American writer and comic creator

Jeffry Korgen is an American writer and comic creator.

==Early life and education==
Korgen was raised in Slidell, Louisiana, and holds degrees in philosophy, pastoral ministry, and social work from Boston College.

==Career==
From 1998 to 2008 Korgen served The National Pastoral Life Center as Director of Social Ministries. In 2006 Paulist Press published his book My Lord & My God: Engaging Catholics in Social Ministry. In 2007, Orbis Books published his book Solidarity Will Transform the World: Stories of Hope from Catholic Relief Services.

While researching this book in 2006, Korgen interviewed Rwandans engaged in reconciliation efforts following the Rwandan Genocide. His results were published in America Magazine and showed evidence that peacebuilding projects by the Catholic Relief Services influenced several hundred Rwandan judges who tried cases against the perpetrators of the violence. He further asserts that the involvement of the church intended to improve the care of Rwandans against epidemics such as HIV.

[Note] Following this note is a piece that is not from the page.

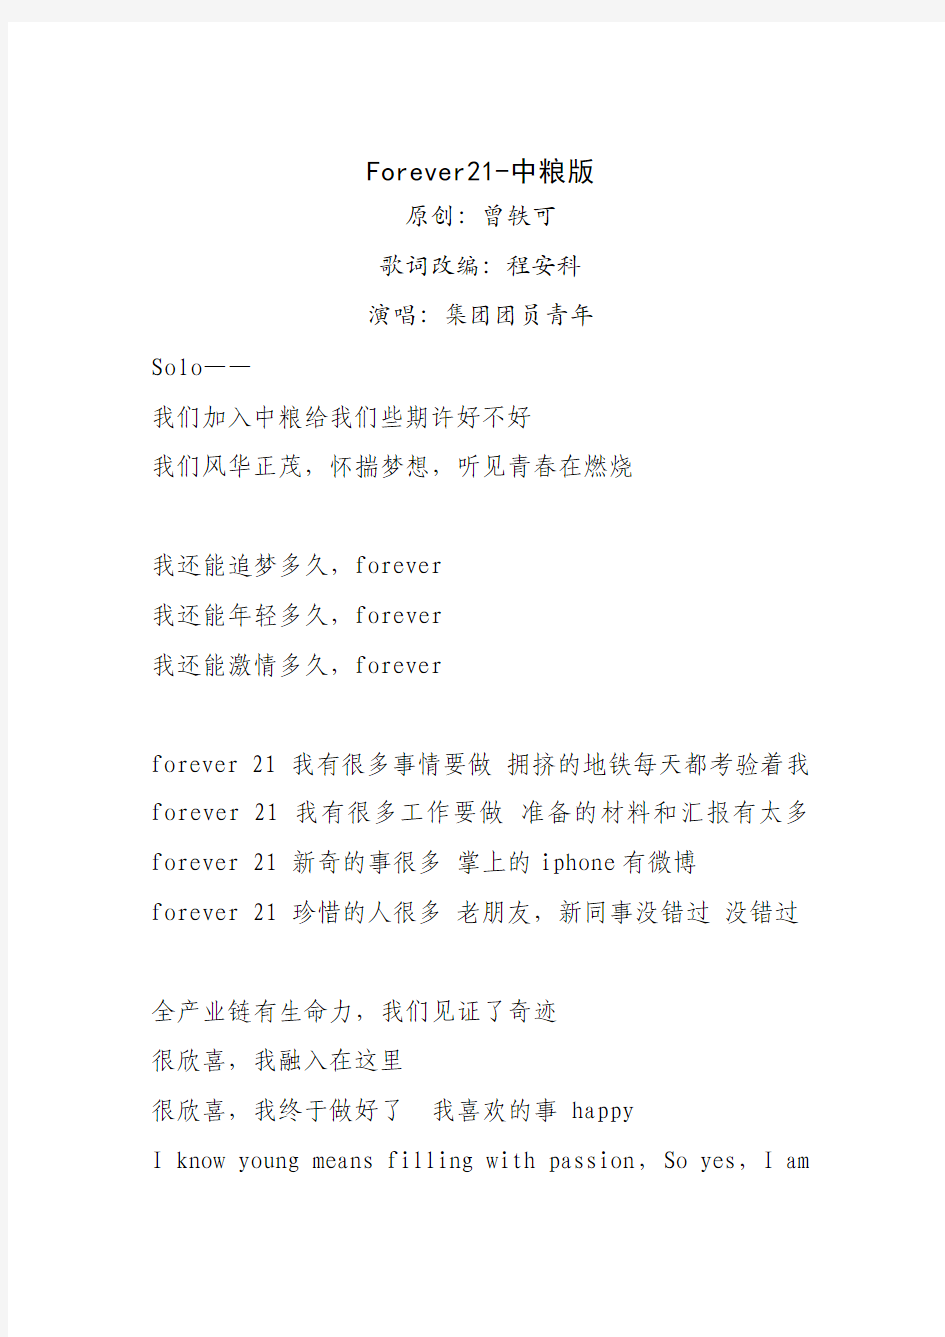 Forever21-中粮版-歌词

In 2013, Interfaith Worker Justice published his graphic novel Wage Theft, which was sponsored by the US Conference of Catholic Bishops and the Archdiocese of Galveston-Houston
and set in Houston. Paul Buhle wrote of the book that “Throughout the novella, workers of varying demographics face wage theft’s presence in a number of occupations: restaurants, construction, dry cleaning and meatpacking, to name just a few. The comic concludes with reminders that demonstrations, legal aid and faith can renew a sense of dignity for workers who feel dehumanized by their employer’s abuse.” Korgen published the non-fiction book Beyond Empowerment: A Pilgrimage with the Catholic Campaign for Human Development in 2015.   Orbis also published his book The True Cost of Low Prices: The Violence of Globalization.

In 2024 Paulist Press published the graphic novel Dorothy Day: Radical Devotion, based upon the life of the eponymous protagonist. A review in the National Catholic Reporter stated that the book’s, “integrated seriousness and humor seems a fitting tribute for Day, who in her wisdom always took the world much more seriously than she took herself. Most essentially, Radical Devotion offers an invaluable compendium for those who want to learn about Dorothy, warts and all.” From 2014 to 2022 Korgen also coordinated the effort of the Archdiocese of New York’s towards the canonization of Dorothy Day.

Korgen has presented at Cambridge University’s Von Hügel Institute for Critical Catholic Inquiry and served as Executive Director of the Department of Diocesan Planning for the Diocese of Metuchen from 2008 to 2014, where he participated as a Greenfaith Fellow.